In short: An attorney (Bellamy Young) meets with death-row inmate Richard Ramirez (Lou Diamond Phillips), hoping get him to confess to a murder, for which her client was falsely convicted. But in unraveling his bloody history, she confronts the demons of her own past. (Watch the trailer)
It bears mentioning that Phillips is the undeniable strength of "Night Stalker." His unsympathetic and unrepentant version of Ramirez is chilling - this is a man who sees women as objects and he can channel murderous intent with an intense, soul-piercing glare. Even beyond the creepy resemblance to Ramirez, it's difficult to imagine anyone else filling the role as well as Phillips.
Whereas Phillips delivers a focused performance, little else about "Night Stalker" is all that compelling. The entire impetus for the film -- trying to coax a confession to save another man's life -- is only relevant to the movie at the film's beginning and the end. Everything between is a muddled series of flashbacks revealing how Ramirez became the infamous killer and how his crimes affected the attorney's life when she was a teenager. The dramatic stakes are quickly jettisoned just so two characters can have a flaccid cat-and-mouse dynamic while sharing some stories.

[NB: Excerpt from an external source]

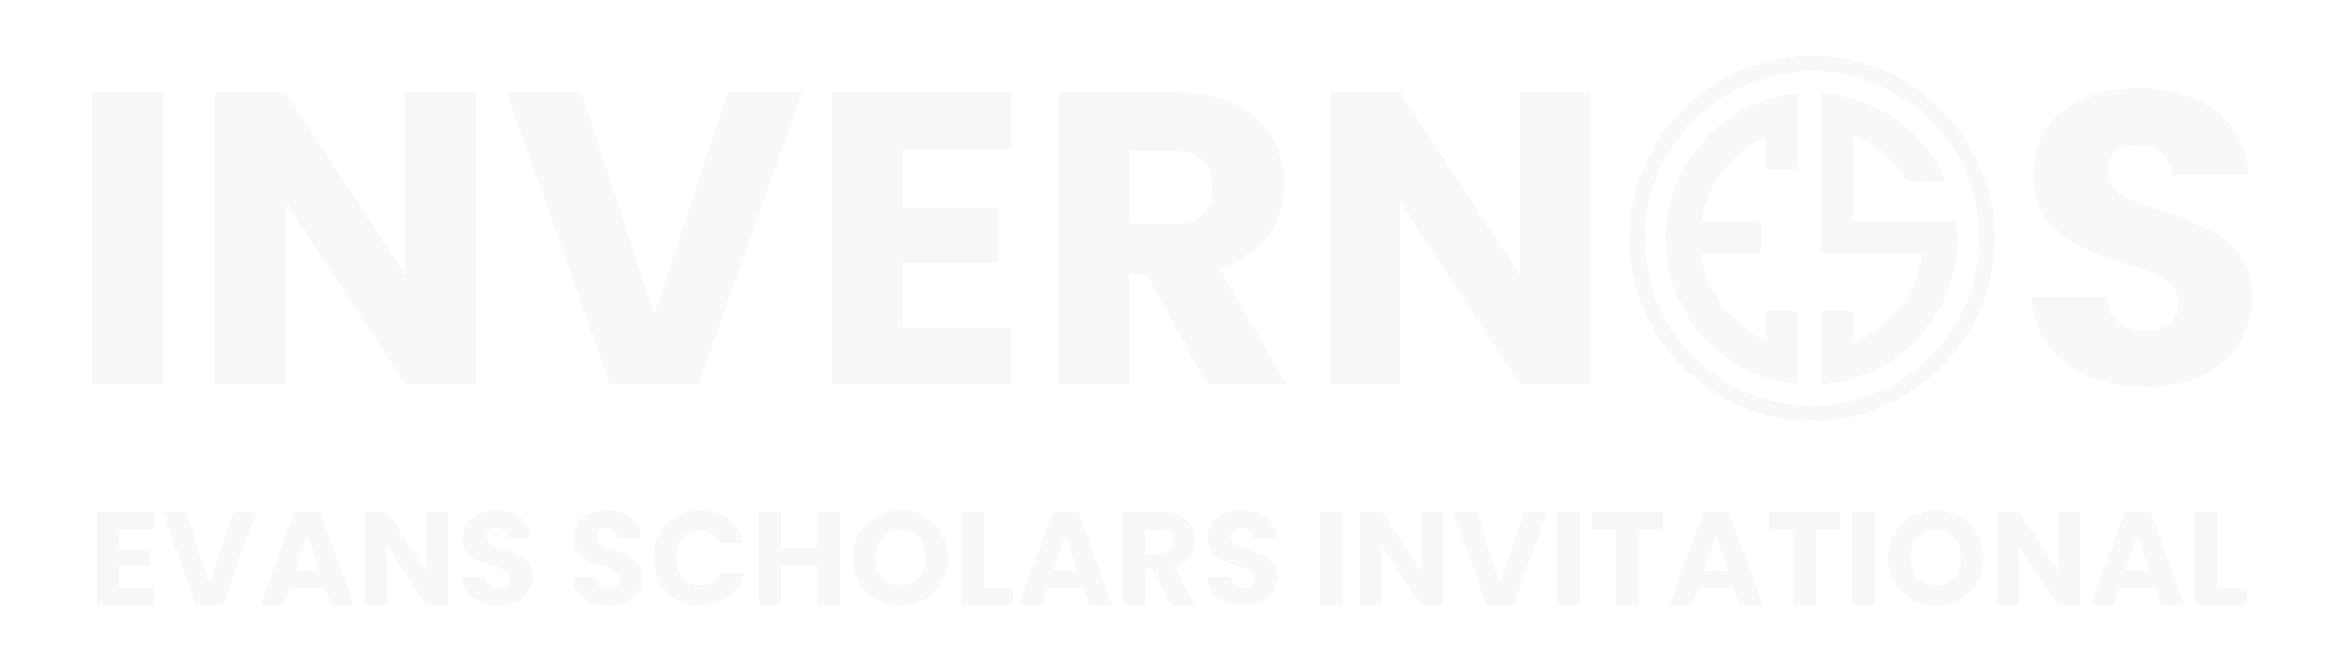 inverness evans scholars invitational logo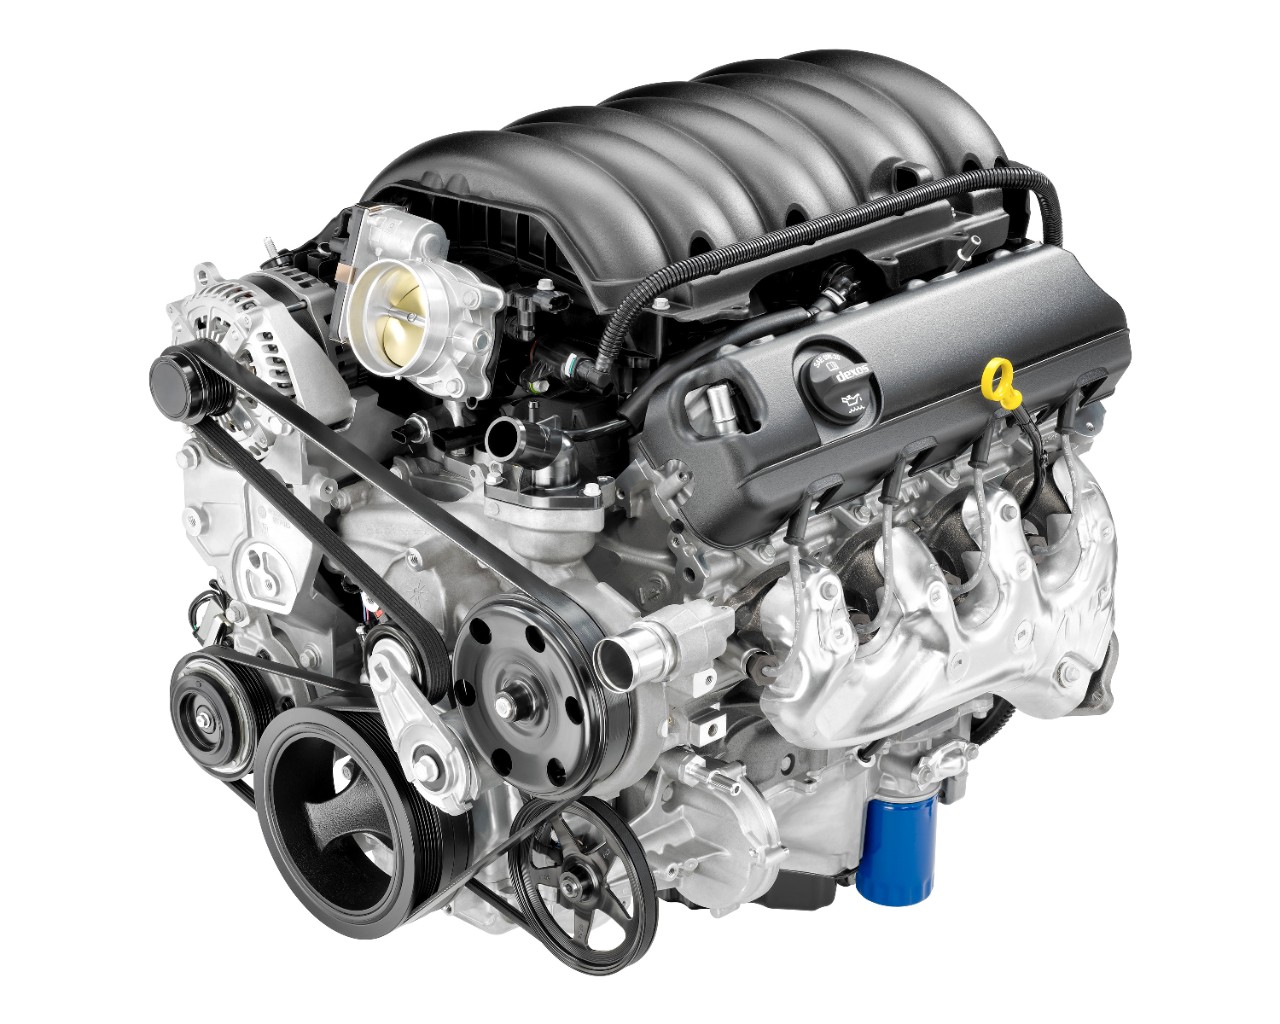 2015 chevrolet silverado 1500 engine 5.3 l v8

Bellamy Young sticks out in a very bad way -- she is, quite simply, horribly cast as the attorney with a troubled past. She eye rolls her way through the film, making her character look shallow and silly juxtaposed next to Phillip's nuanced and chilling performance. Phillips is more engaging as a crazed serial killer while Young can barely make her character tolerable. The nail in the coffin for Young is the fact that she is not even the best actor playing her character in this film. The actress playing the teenage-version of the attorney character emotes more fear, fascination and naive boldness than Young ever approaches in her performance.
"Night Stalker" is a muddled drama. It lacks tension because the movie back burners the "get a confession to save a man's life" storyline. So the film is left to wallow in a meandering b-plot about a troubled teenage girl and the truncated origin story of a serial killer. The only amount of noticeable tension in the entire movie essentially comes down to whether a smartphone will run out of battery life or not. Even in a fairly important plot point, the film chooses prop-based tension rather than genuine character or even plot-driven tension.
Final verdict: Very little of this movie is subtle or well executed. Lou Diamond Phillips is the single saving grace of a movie that is rudderless and borderline pointless.
"The Night Stalker" screened during the 42nd Seattle International Film Festival. This film is not yet rated and has a running time of 89 minutes.